In some cases, Jews could be saved if they were baptized. Some priests performed these baptisms for money, while others genuinely wanted to baptize Jews into their faith. Feferman said that some Jews practiced their new religion only until the end of the war while others remained Christians for the rest of their lives; it largely depended on whether the priest who baptized them had altruistic intentions or not.
Jews were often conflicted about whether they should use Christianity to help them survive. In one testimony, a survivor describes being at a mass baptism of Jews and asking a rabbi why he was there. The rabbi said he would remain faithful in his heart. The survivor ultimately decided not to go through with the baptism and was saved when everyone who had been baptized was killed. Another survivor said a strange, strong wind prevented him from entering a church for safety. He took it as a sign and followed the wind to the home of a Jewish dentist who helped him hide, thereby saving his life.
The local Christian population sometimes tried to help Jews out of respect for their strong religious faith, especially Baptists. Feferman described a few instances of “interfaith dialogue” that he found in the Visual History Archive, including Christians giving bread to Jews before Yom Kippur and one woman even giving a Jew a prayer book so he could continue practicing his faith.

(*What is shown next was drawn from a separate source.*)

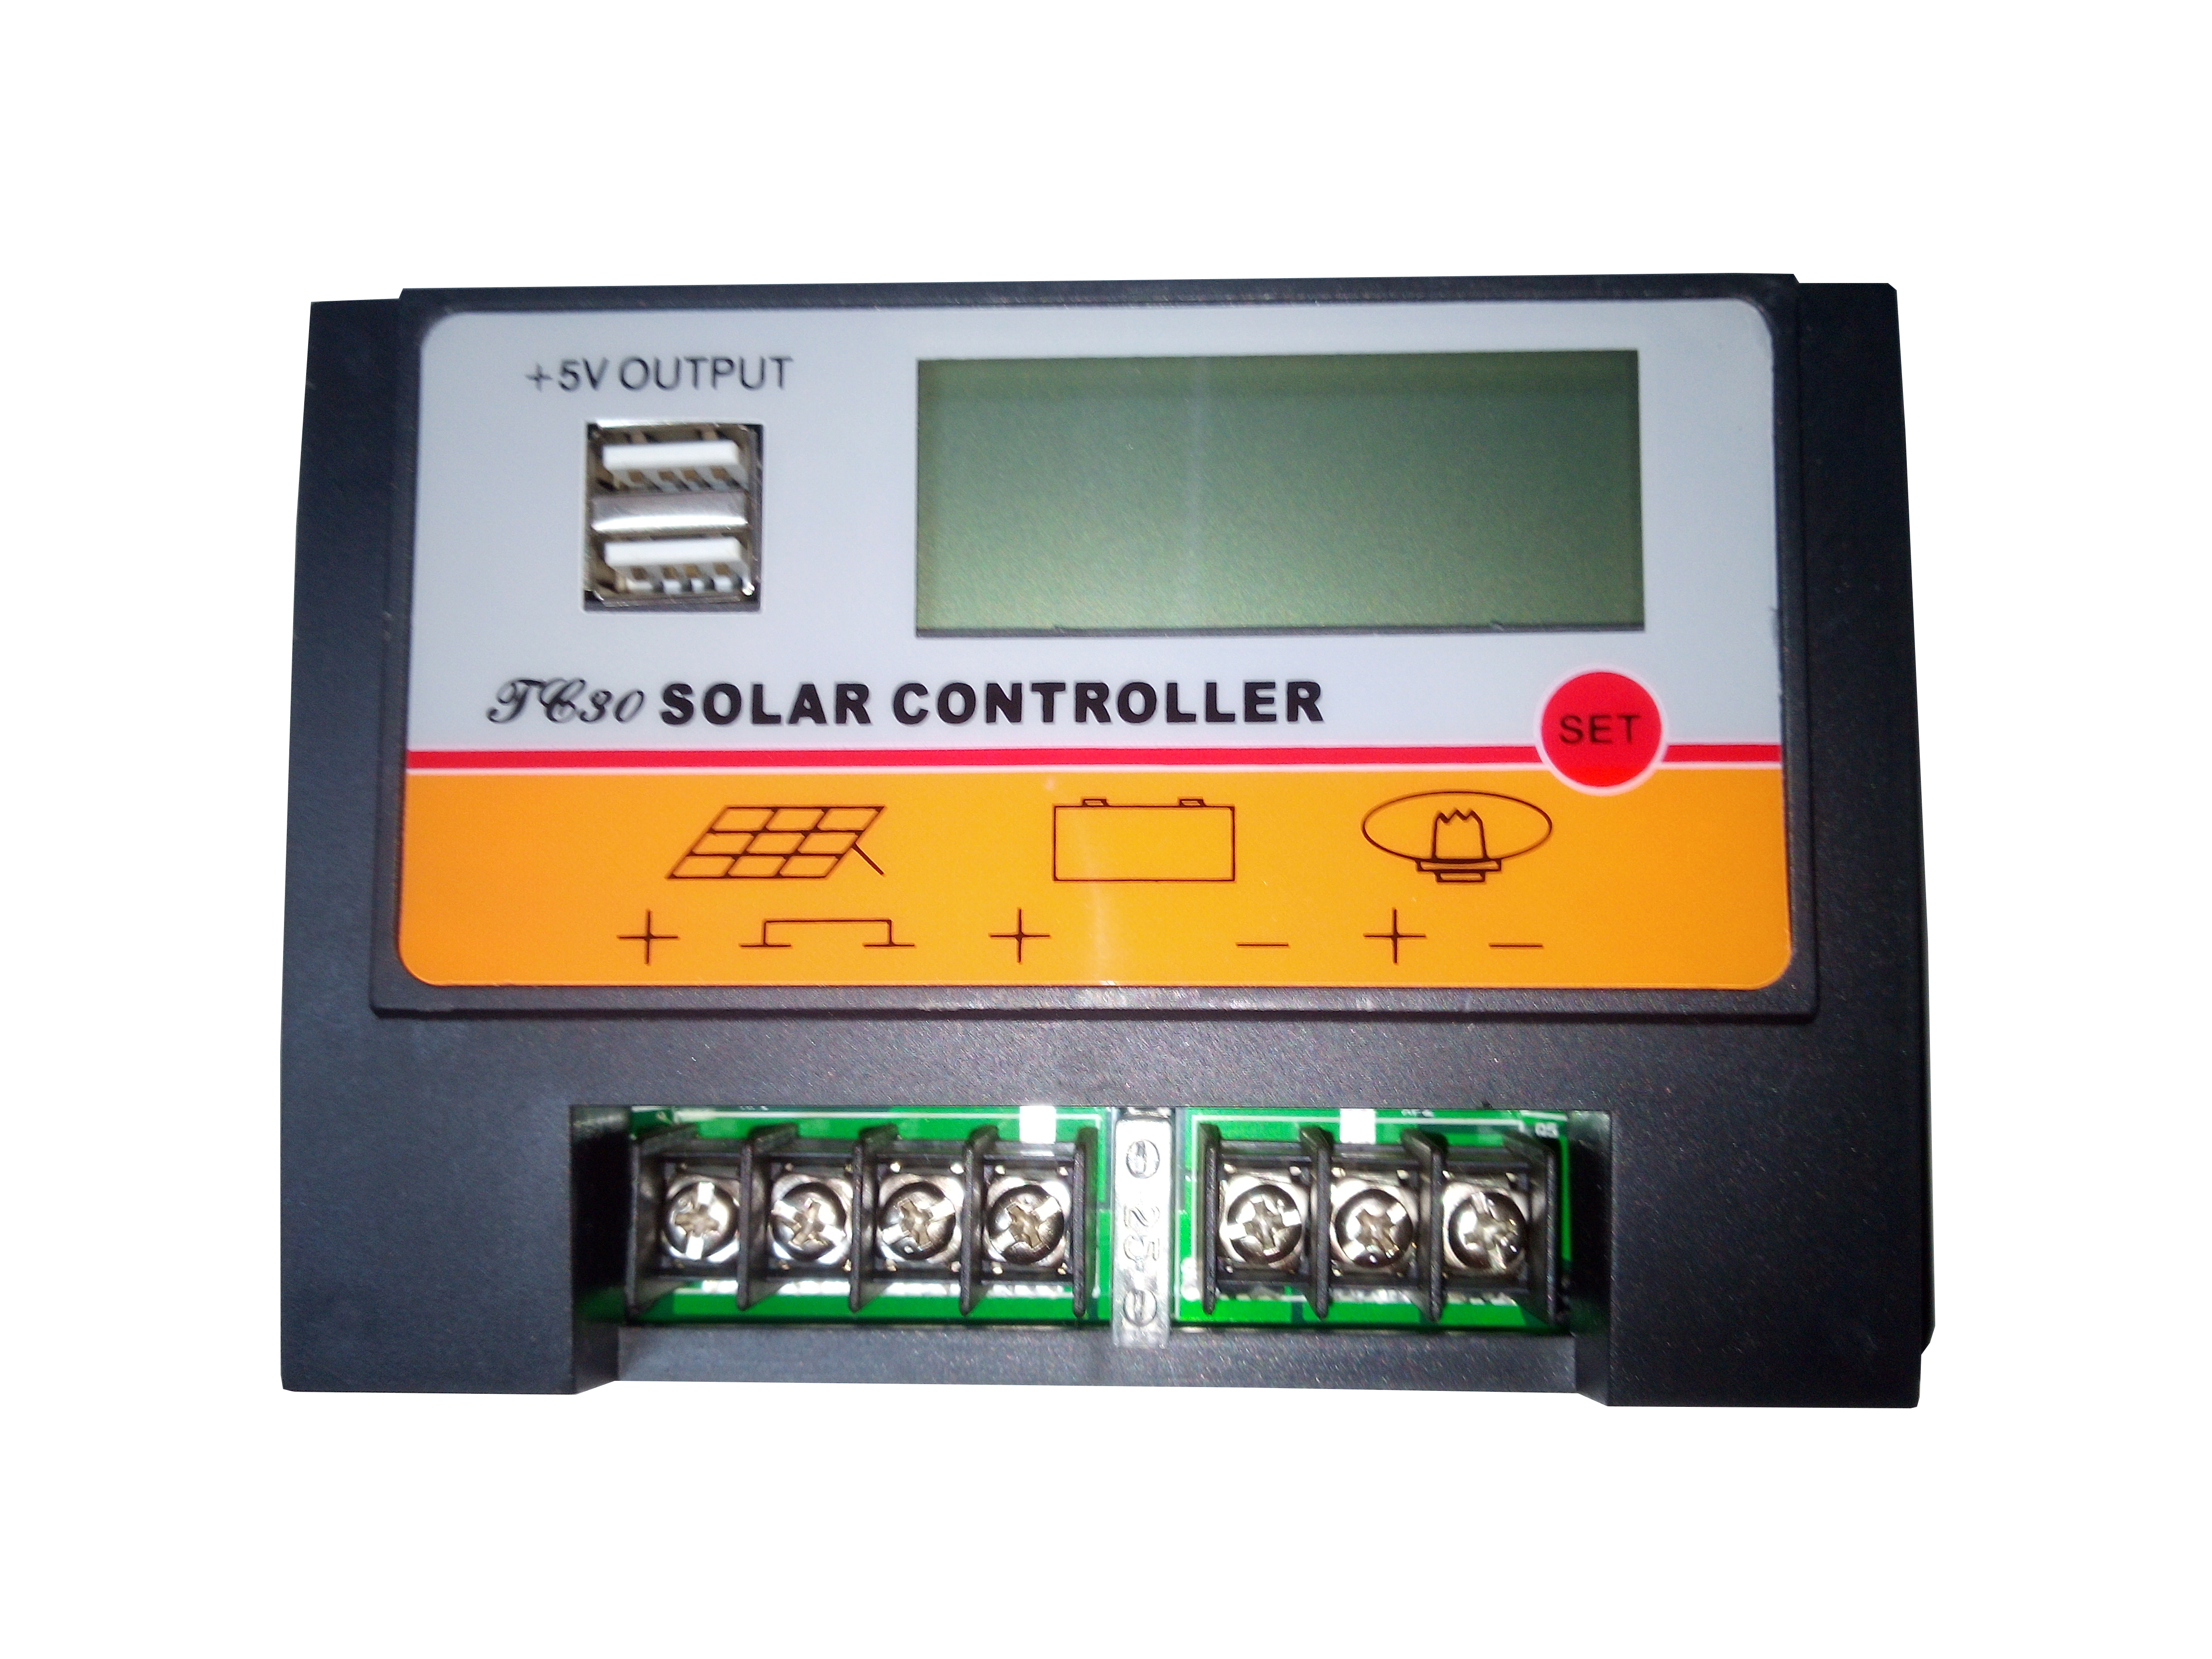 Klausstech Controller solar jarrett incarcare baterie , 20 a , display grafic lcd , tensiune de incarcare 13,8 v/24,6 v , tensiunea joasa de protectie 10,7 v/21,4 v

Survivors who talk about praying in their testimonies say they prayed for salvation, to save their friends and families, and to try to understand the incomprehensible, Feferman reported. Some felt that their prayers were heard while others felt they were left with more questions after speaking to God. One survivor was so strong of faith that he fasted for Yom Kippur while hiding in the forest, already starving with no shelter or warmth, even after finding potatoes which were the most sought-after food.
Feferman concluded that while most devout people became less observant as the war went on, a small minority of Christians were motivated by religion and went out of their way to help Jews. He estimates that about 10 percent of rescuers in the occupied Soviet territories were motivated by religion, which is huge for a region that was supposed to be Marxist and therefore atheist.
He also said that religion helped people survive when they had a large supportive community around them, but once most of their community had been killed, their religion became a liability. It was too difficult to survive while maintaining dietary restrictions and staying isolated from the local population.